More, be it Heineken or Westvleteren 12, when you neck a beer and it hits your stomach, all the CO2 in the liquid comes out of solution, just as it would if you poured it quickly into a glass. Immediately, or soon after, you’ll feel bloated and burp-full: hardly a desirable state, at the disco, the party or the barbecue.

The rise of the beer-necking habit unfortunately means that some bars have decided it’s not even worth presenting the punter with a glass for their drink. In the UK, this is still, fortunately, rare. I can think of only one outlet near where I live, a wine bar in Richmond, south-west London where I have to add “and a glass, please” when I order a beer. Even in Hong Kong, where yuppies appear still to be thriving, most bars will give you a glass to go with a bottle: only the American-run ones seem not to. Unfortunately one of my favourite Hong Kong bars, and the best bar within walking distance of my flat, is run by an American, and while he’s a great guy, it’s hacking me off that I need to ask for a glass to drink my PranQster out of every single time.

(Addendum: a comment by the Beer Nut below has just reminded me of another incident that prompted this rant: a trip two weeks ago for my wife’s birthday to the place that claims to be the highest bar in the world, Ozone, 118 floors up at the top of the 1,588-ft (484-metre) ICC Tower in West Kowloon. Tremendous views of Hong Kong island – well worth visiting, particularly at sunset, when you can see the ranks of skyscrapers across Victoria Harbour light up. However, the beer selection at Ozone, part of the Ritz Carlton Hotel at the ICC Tower, is almost as poor as you might expect – Carlsberg, Heineken, a nod to the locale with bottles of Hong Kong Beer, which is, frankly, really NVG. The only hint that the F&B manager might have any knowledge of beer came with the presence of Chimay red and white on the drinks list. I ordered a bottle of the red, and it, too, arrived sans glass. When my wife ordered a large Sauvignon Blanc, did they bring the bottle and no wineglass? Hardly. So why insult both me and the monks of Baileux by not sending up my Chimay with a beerglass, especially when the Chimay glass is a particularly attractive one?)

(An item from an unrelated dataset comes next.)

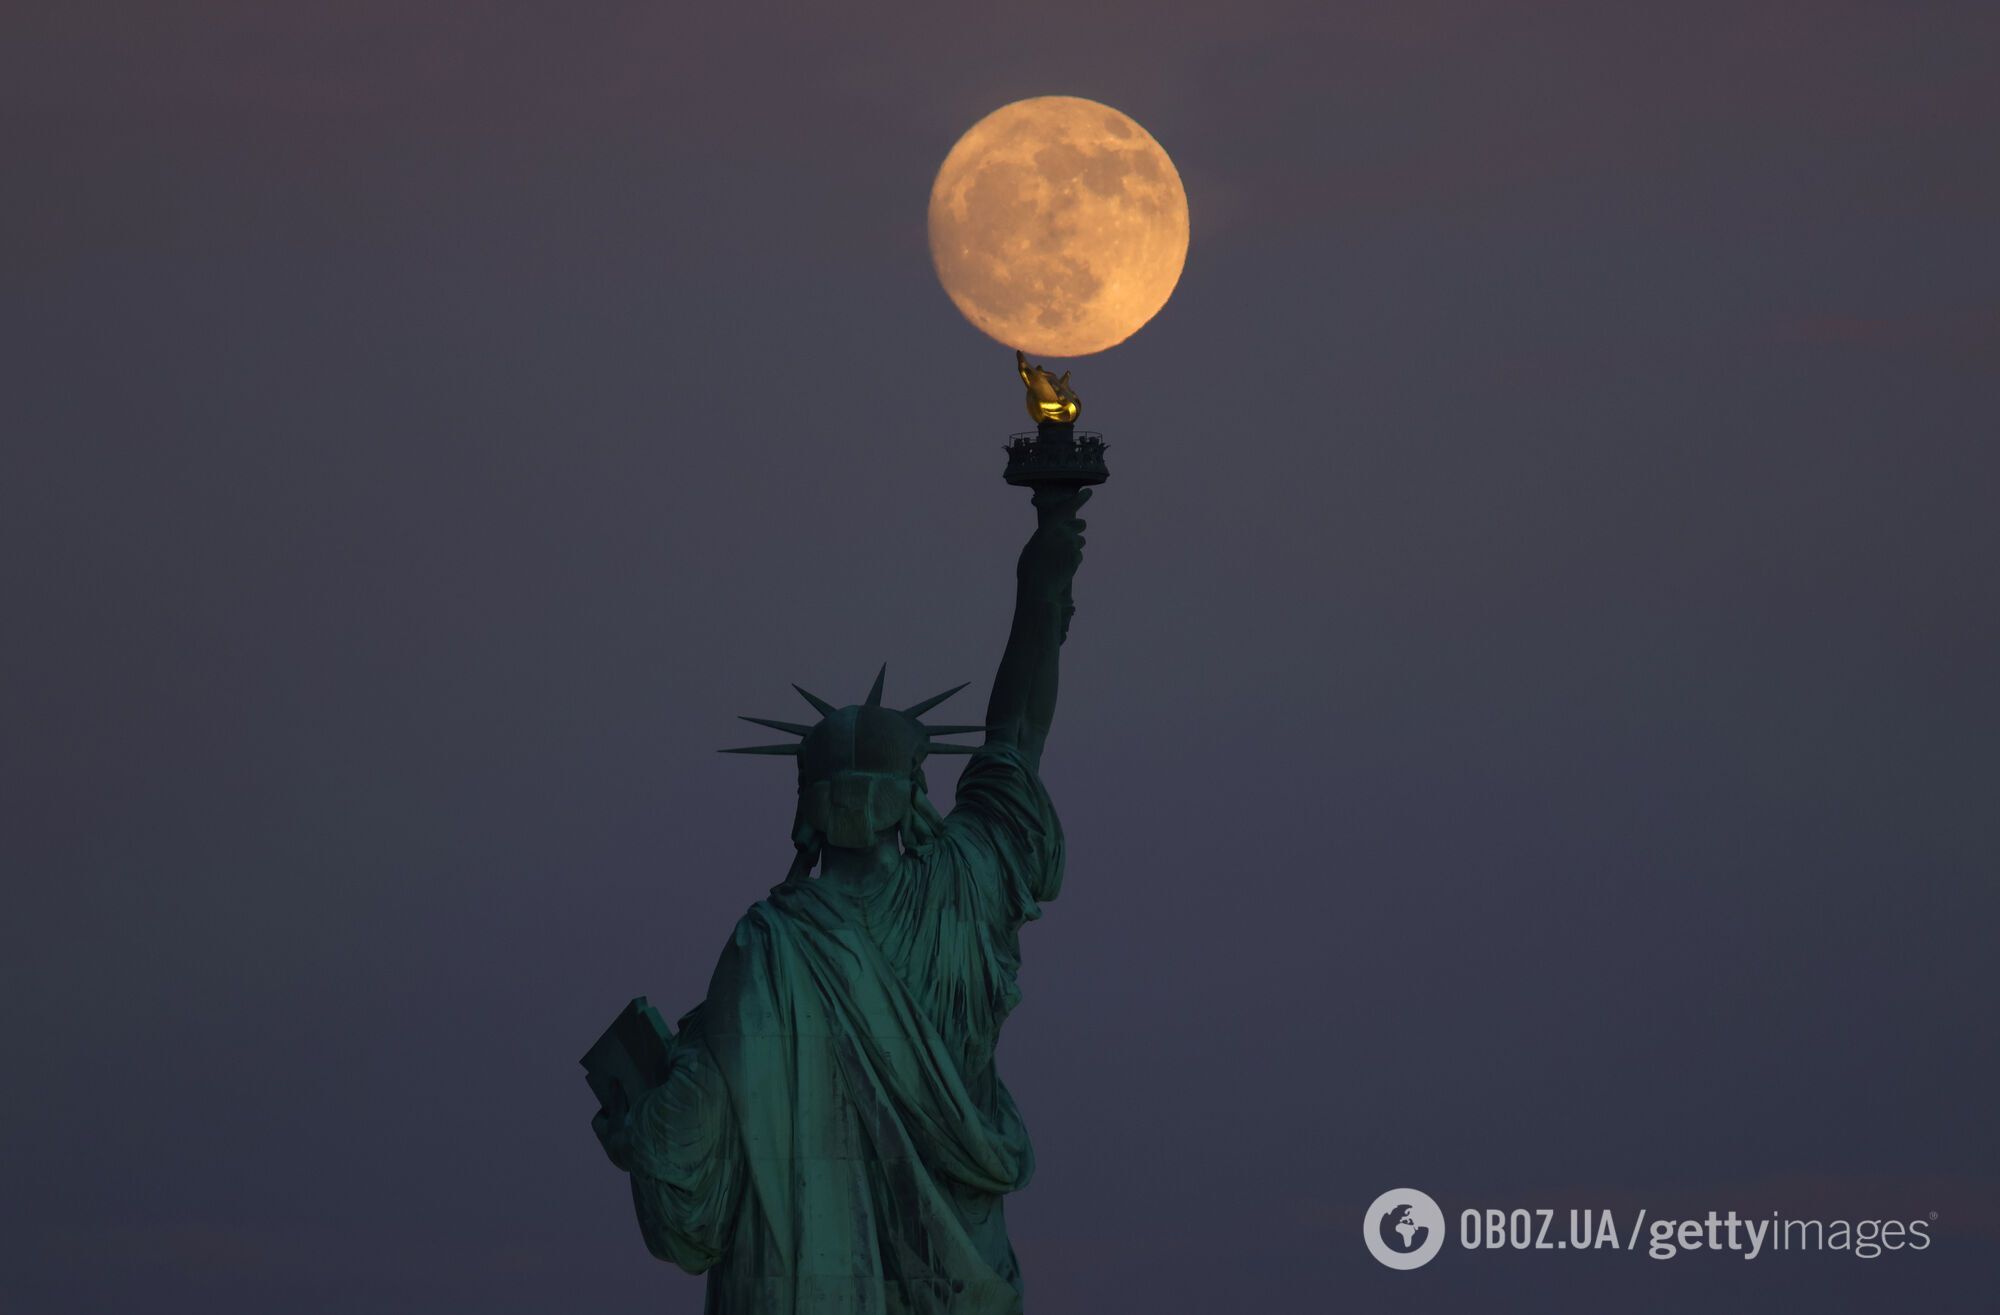 Сеть очаровало фото Клубничной Луны "на кровати из облаков", которое сделал американский фотограф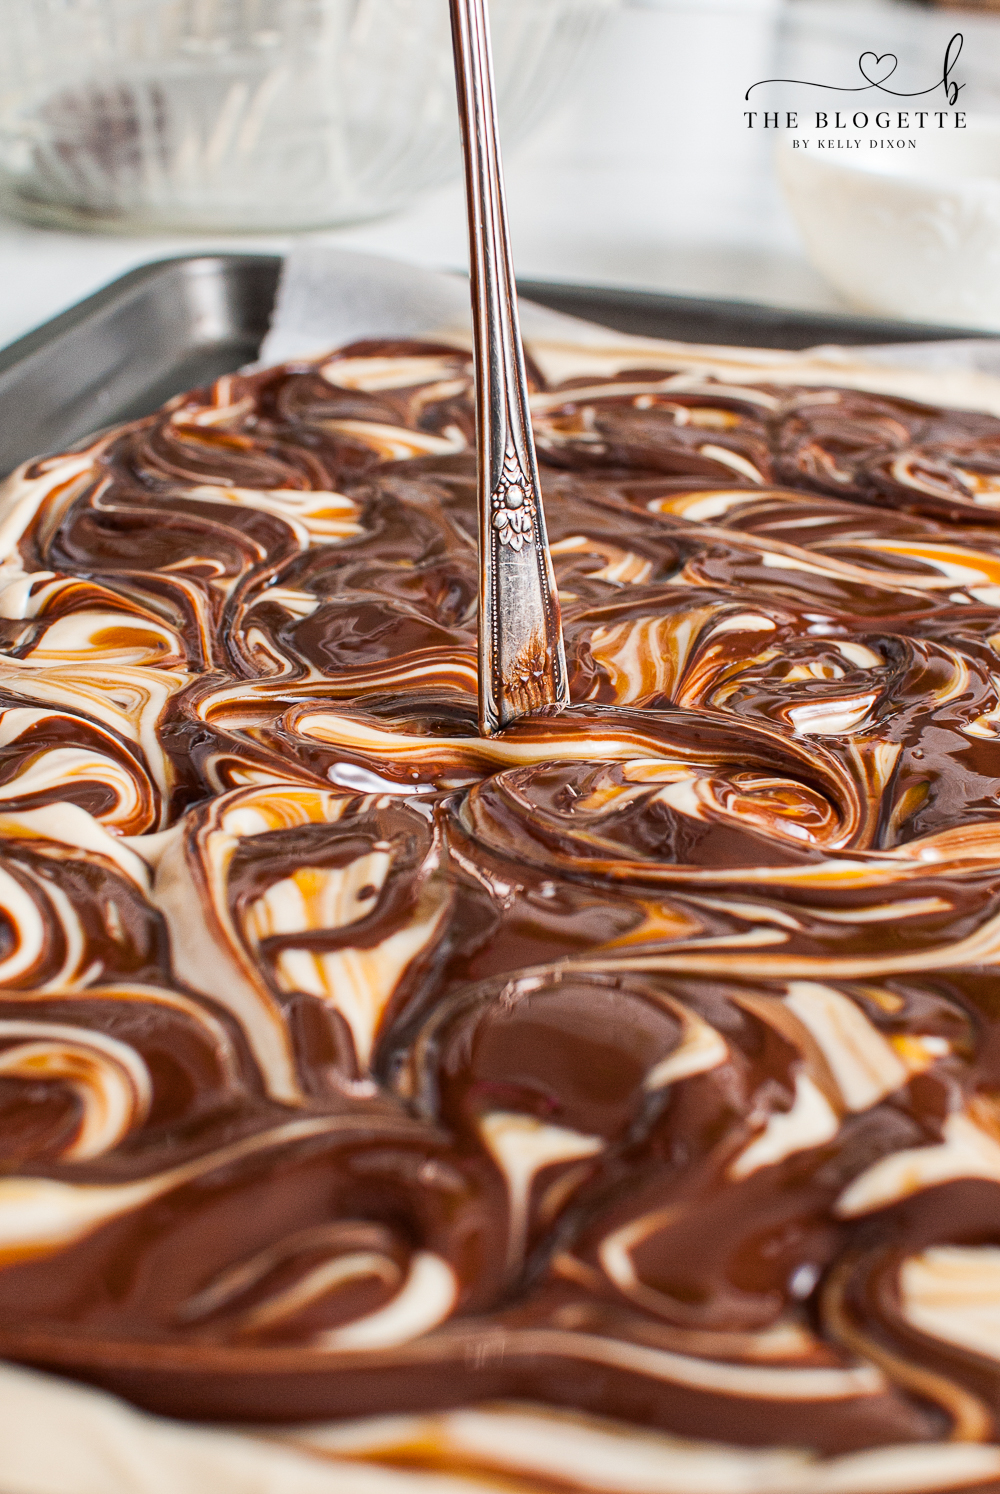 Swirled chocolate

Last weekend, two of the small American beer importers that have recently started up in Hong Kong held a joint barbecue at a small beachside bar in the furthest eastern extremity of Hong Kong island, in part to show off some of their newest lines, including beers from the Japanese brewer Yonasato. I had a shrewd idea of what the situation was going to be, and took my own glass along – thus, while everybody else was necking great bubbly mouthfulls, I, at least, was enjoying Tokyo Black the way the brewer intended it to be enjoyed.

Oi, you – yes, you in the dark blue T-shirt. Put that can down and go and get a glass. And that goes for the rest of you drinking straight from the container as well. Respect your beer.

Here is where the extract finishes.